Stored data –
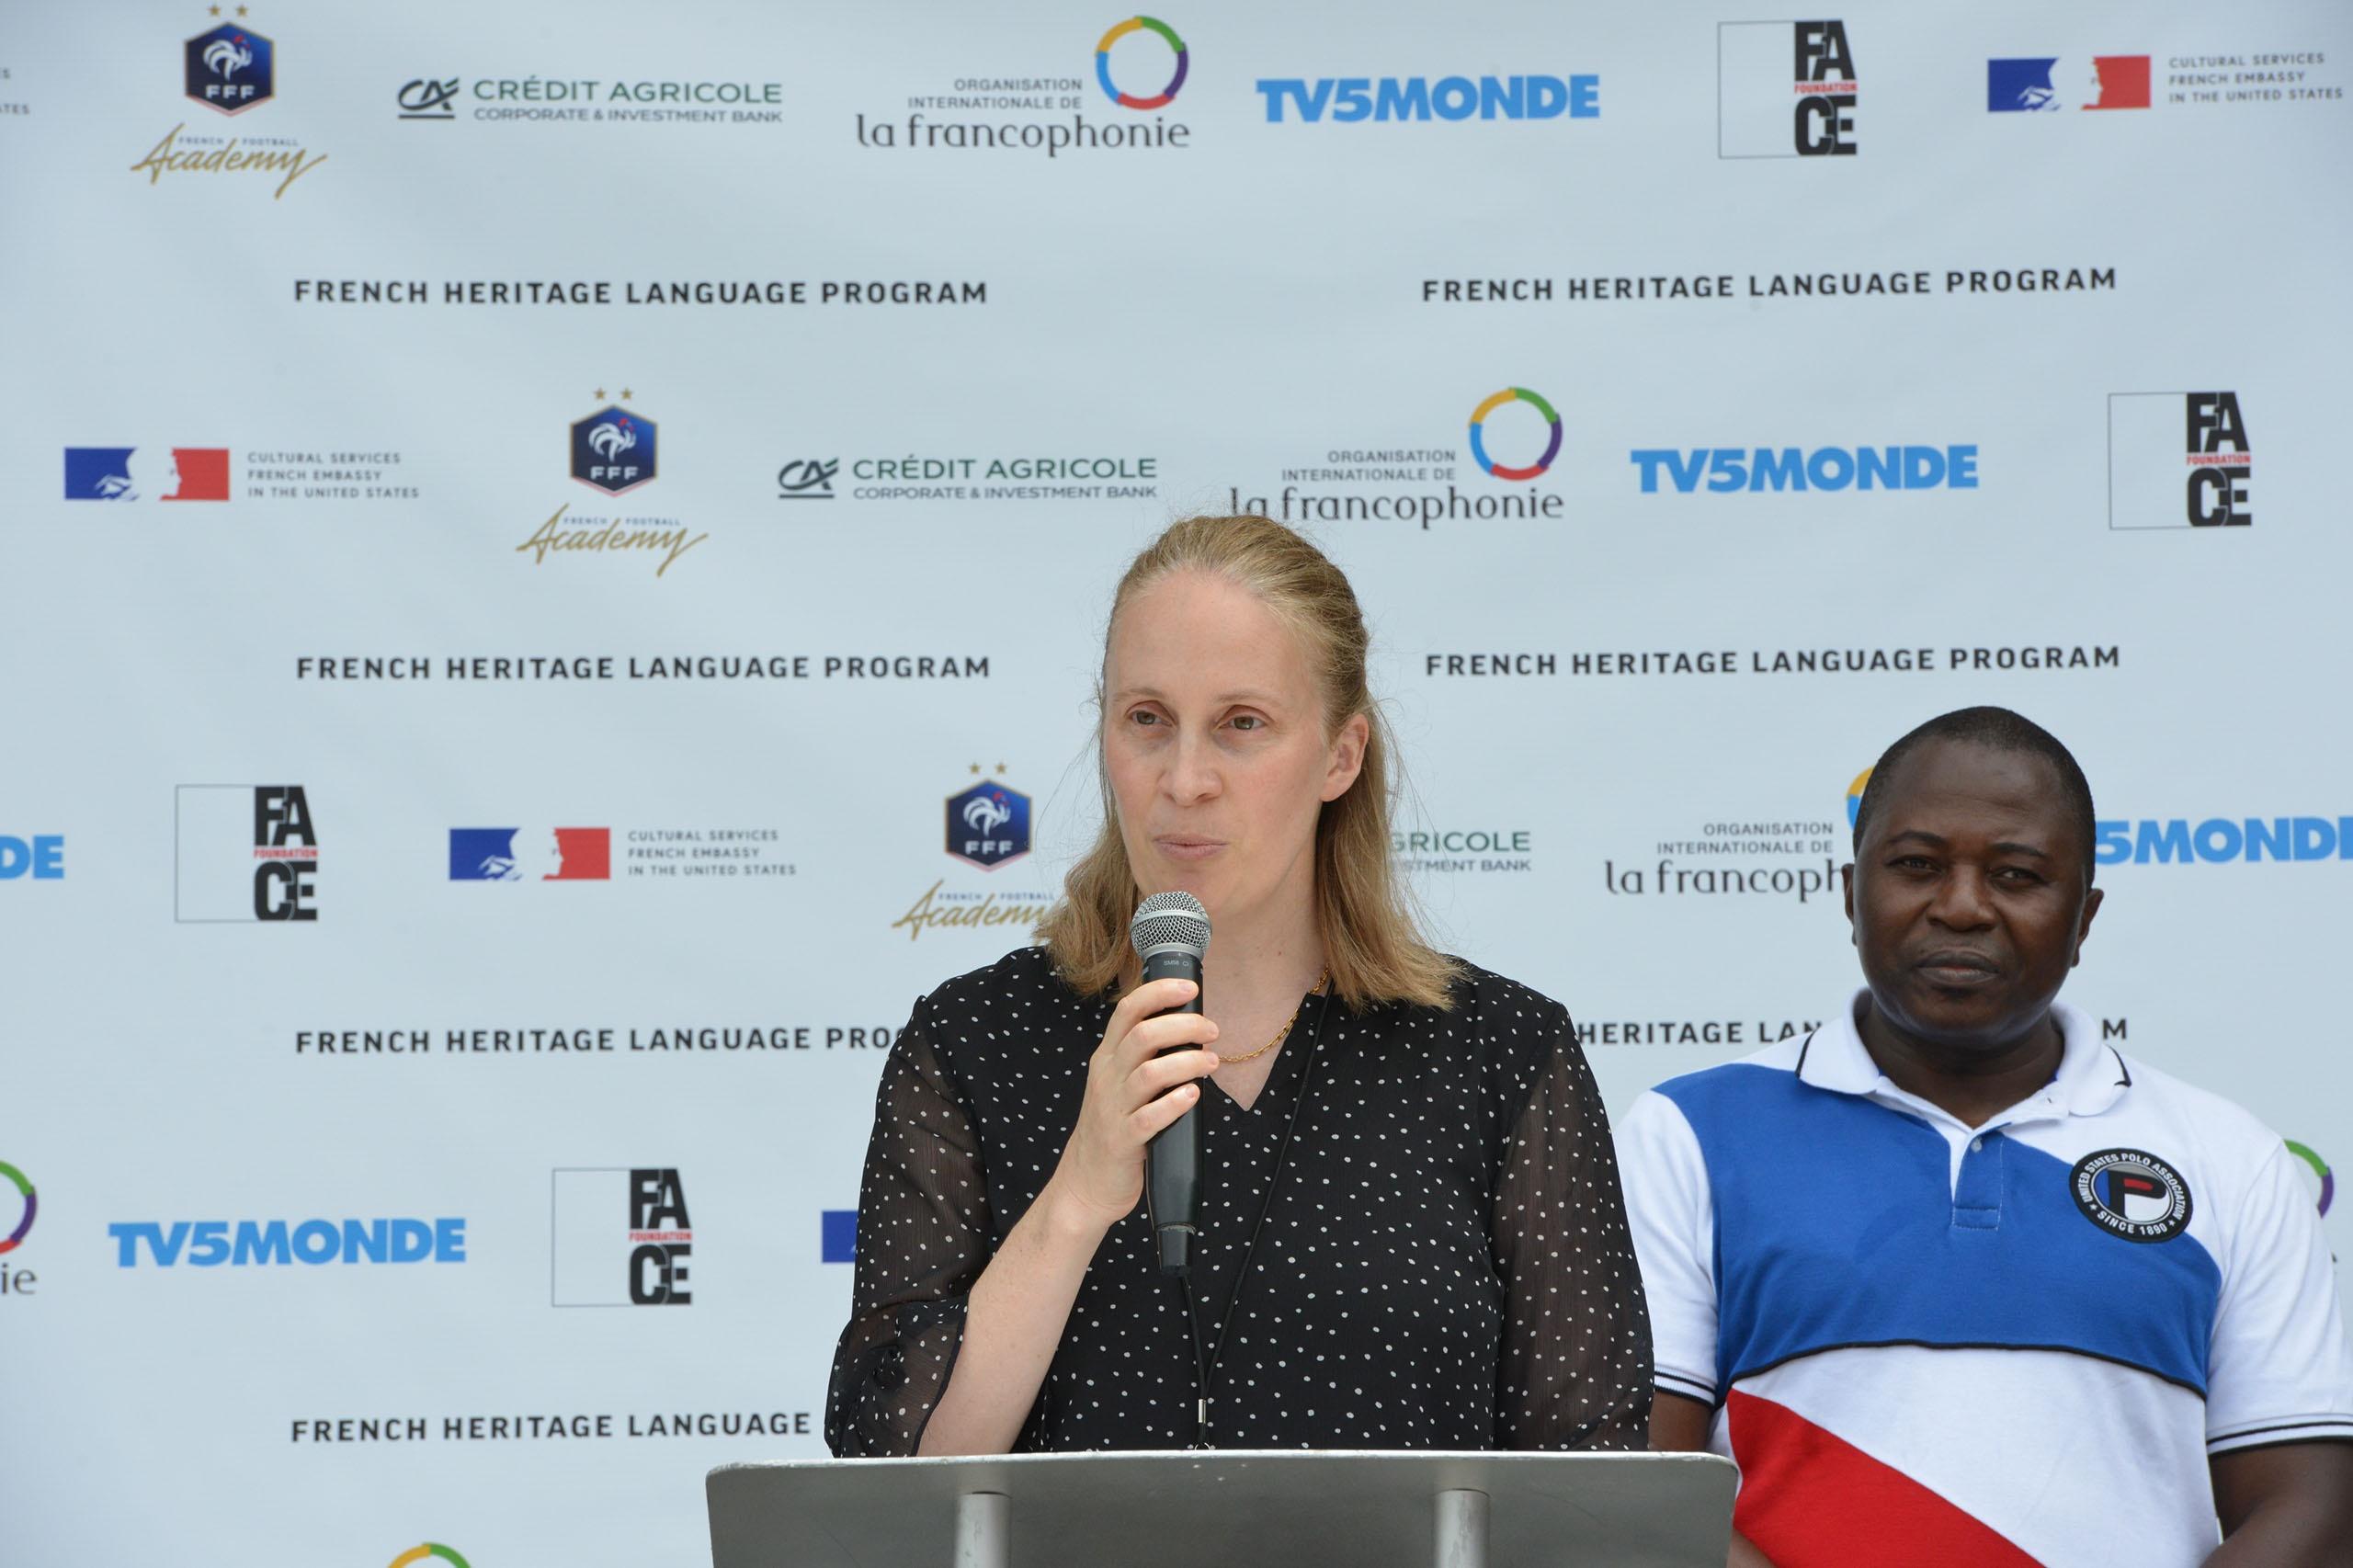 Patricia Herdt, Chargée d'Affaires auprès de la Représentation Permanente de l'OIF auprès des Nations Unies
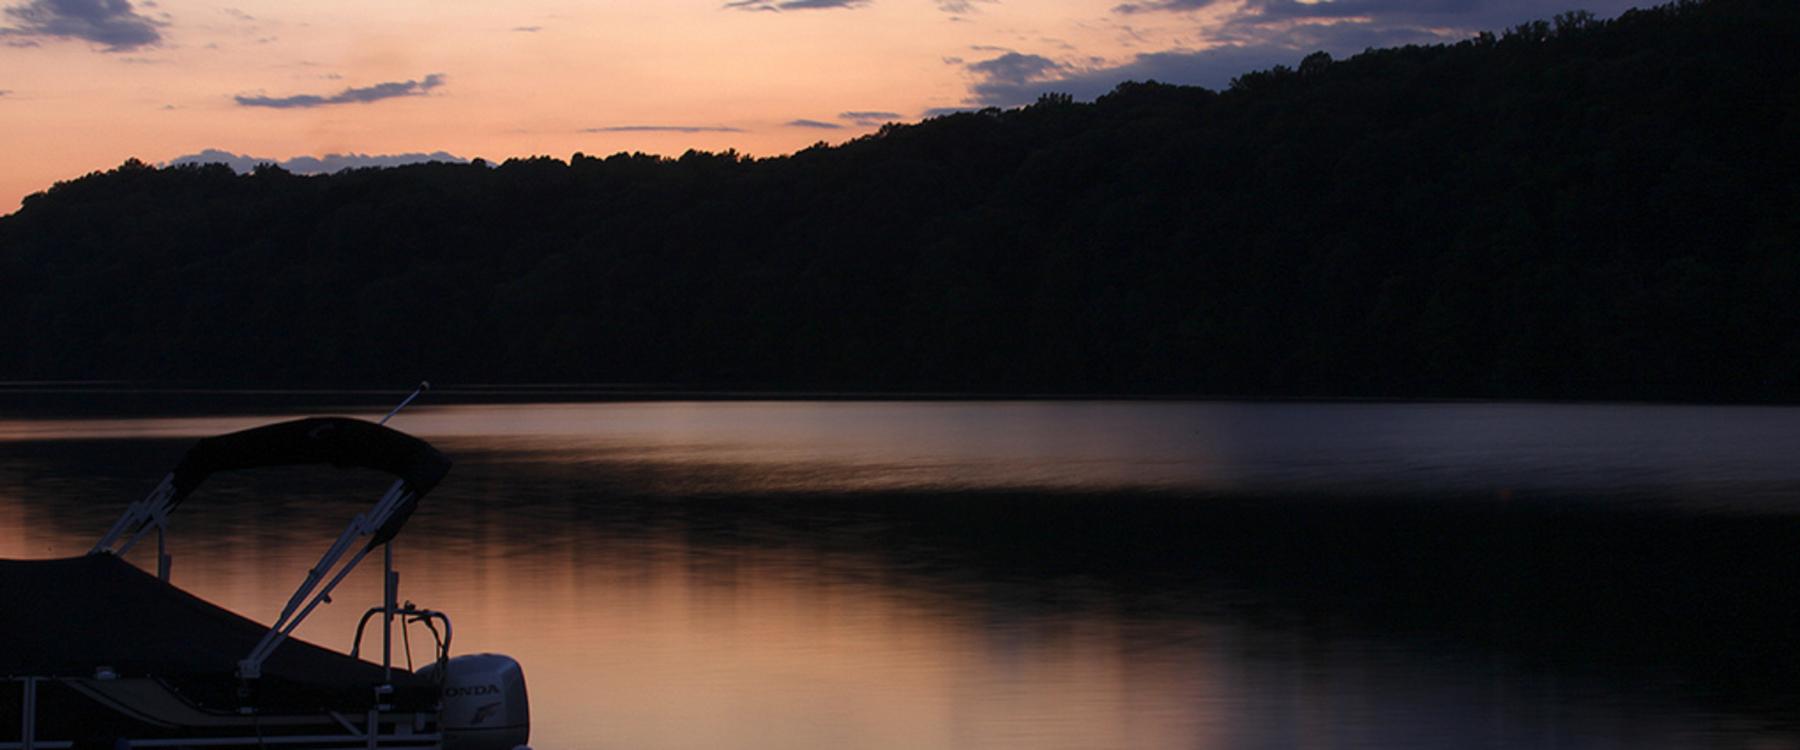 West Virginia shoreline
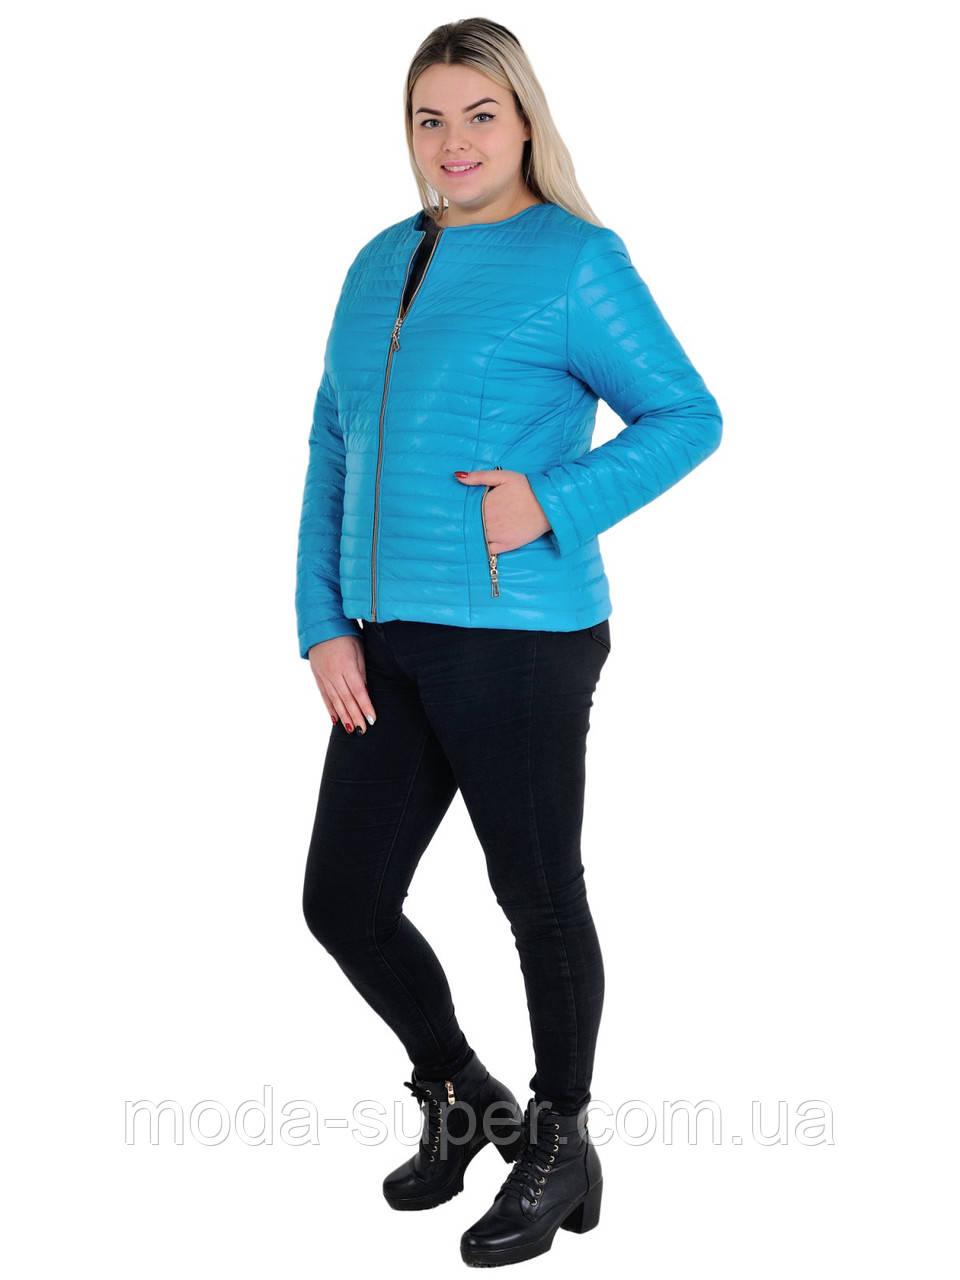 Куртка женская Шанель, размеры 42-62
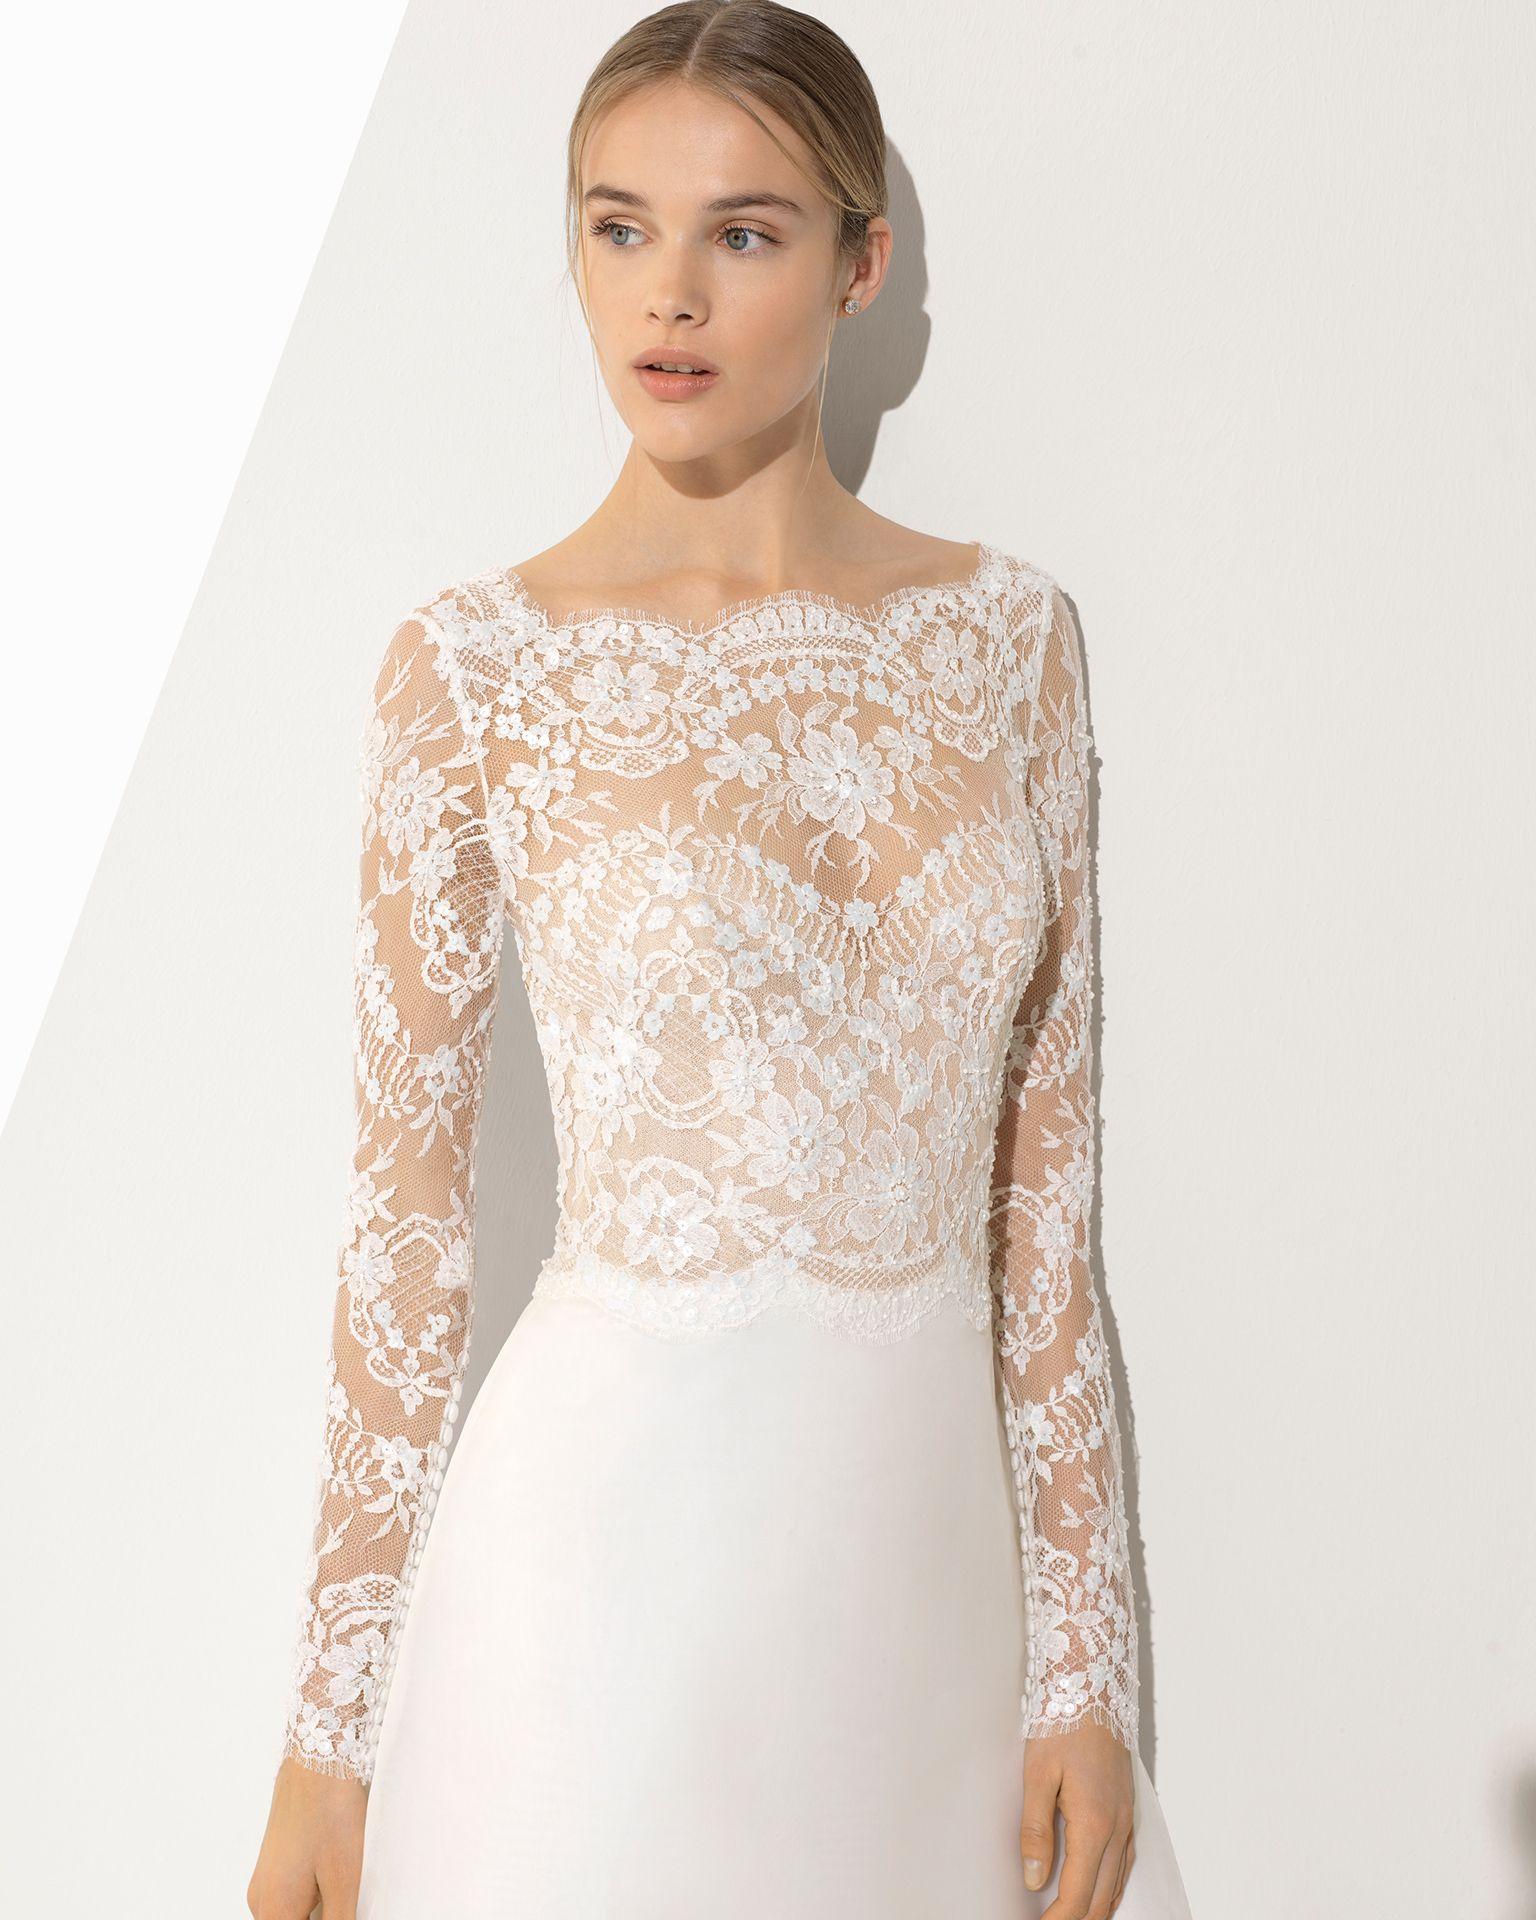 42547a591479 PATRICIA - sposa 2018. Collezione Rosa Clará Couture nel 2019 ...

Your goal – Your copy of the data above should match it exactly, apart from the images.

Solution to the problem –
 Patricia Herdt, Chargée d'Affaires auprès de la Représentation Permanente de l'OIF auprès des Nations Unies
 West Virginia shoreline
 Куртка женская Шанель, размеры 42-62
 42547a591479 PATRICIA - sposa 2018. Collezione Rosa Clará Couture nel 2019 ...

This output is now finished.